A 52-year-old woman, who was living away from her family, was found dead on the floor of the living room on the first floor of a house, which belonged to the man with whom she shared the residence. When her family visited her, she did not answer the door. Therefore, they contacted the police station and went to the house along with a police officer. She was found dead, lying face down, on the floor. Her clothes were found to be undisturbed, although press-through packages of flunitrazepam tablets (160 Silece, 2 mg/tablet) and strip packages of triazolam tablets (72 Halcion, 0.25 mg/tablet) were found strewn around the victim. The total amount of flunitrazepam and triazolam ingested was unknown, although the maximum amounts that she took were suggested to be 320 mg of flunitrazepam and 18 mg of triazolam. According to the information provided by her family, the victim was undergoing treatment for depression. An autopsy was performed 18 hours after the body was discovered, to determine the cause of death.
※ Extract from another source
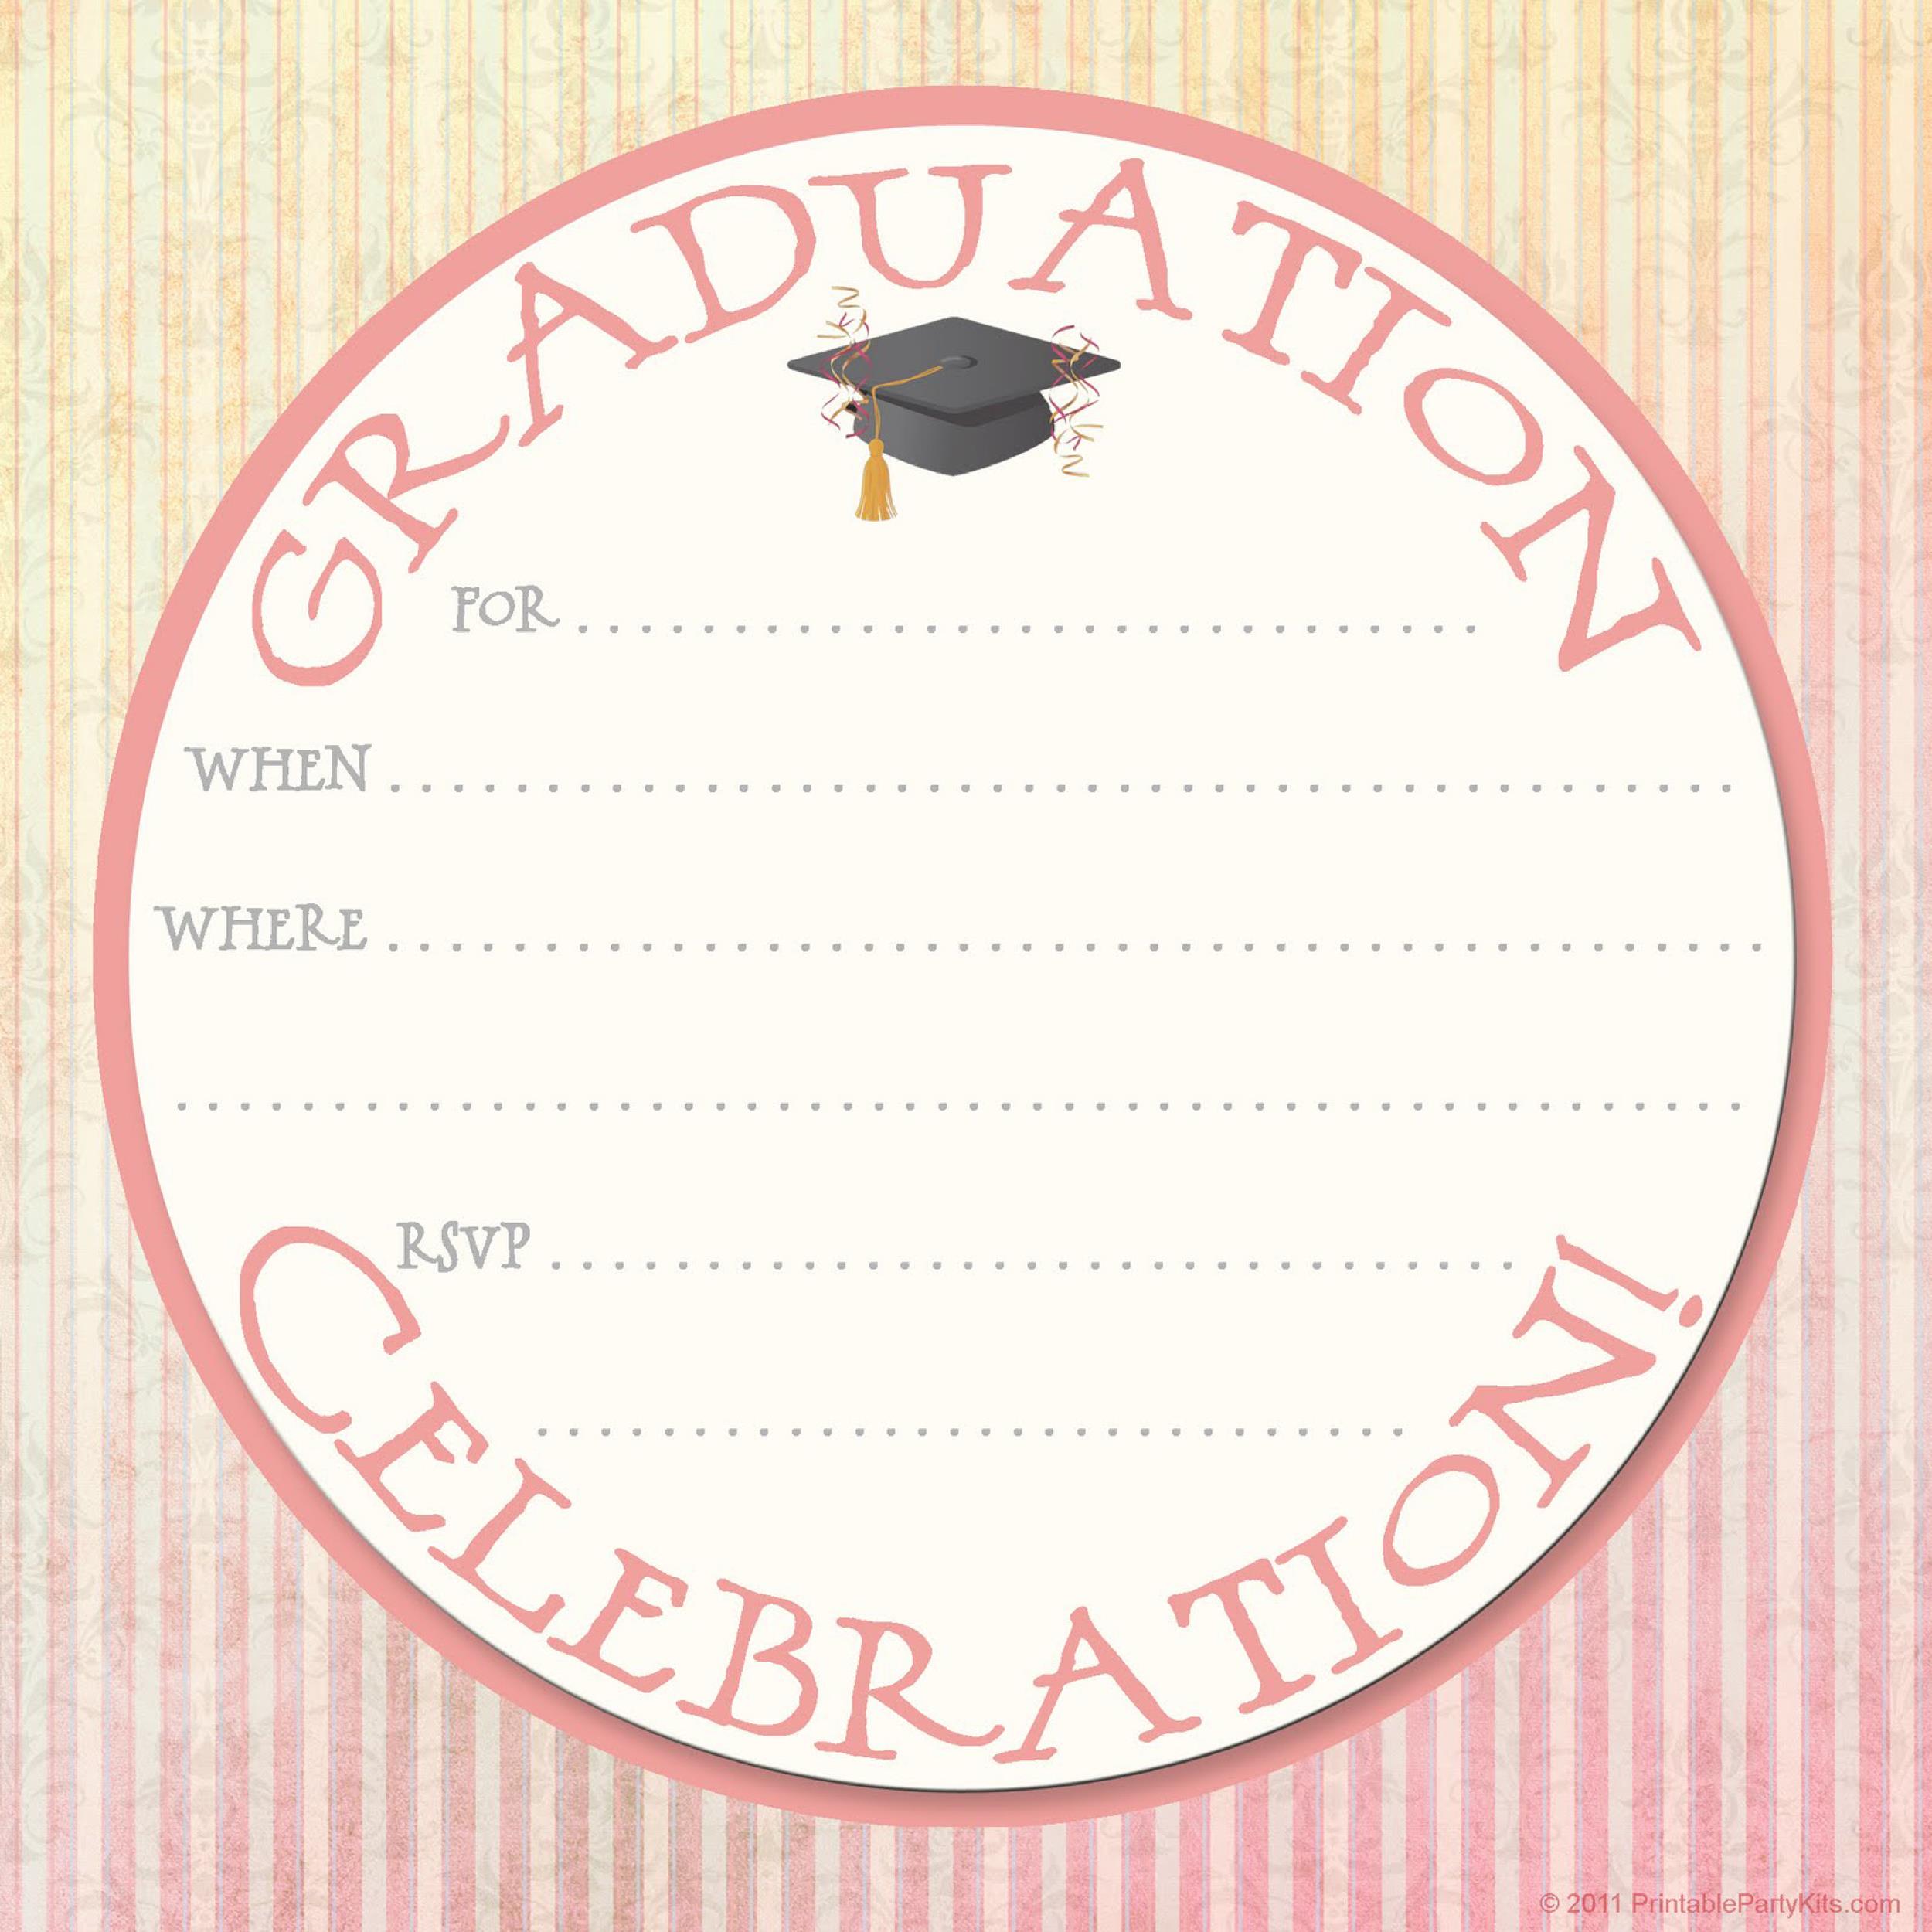 40+ FREE Graduation Invitation Templates ᐅ TemplateLab

The woman’s height and weight were 149 cm and 44 kg, respectively. Postmortem rigidity was observed in the knee and foot joints. Postmortem hypostasis, dark red in color, was noted on the surface of the precordial region, side of the abdomen, and anterior crura. Discolorations and excoriations were observed on the unclothed parts—face, elbow, and knee. Several impressions of the edge of the carpet were observed on her face, left elbow, precordial region, and abdomen. Internally, congestion of blood vessels on the brain surface and moderate congestion of the blood vessels in the other organs were observed. A small amount of milky white mucus was observed in the trachea and bronchial tubes. Approximately 20 mL of greenish brown mucus was found in the stomach. Pathological investigations revealed signs of congestion in the brain, lungs, liver, and other organs. Both the lungs were congested and edematous, and the left lung showed infiltration of inflammatory cells.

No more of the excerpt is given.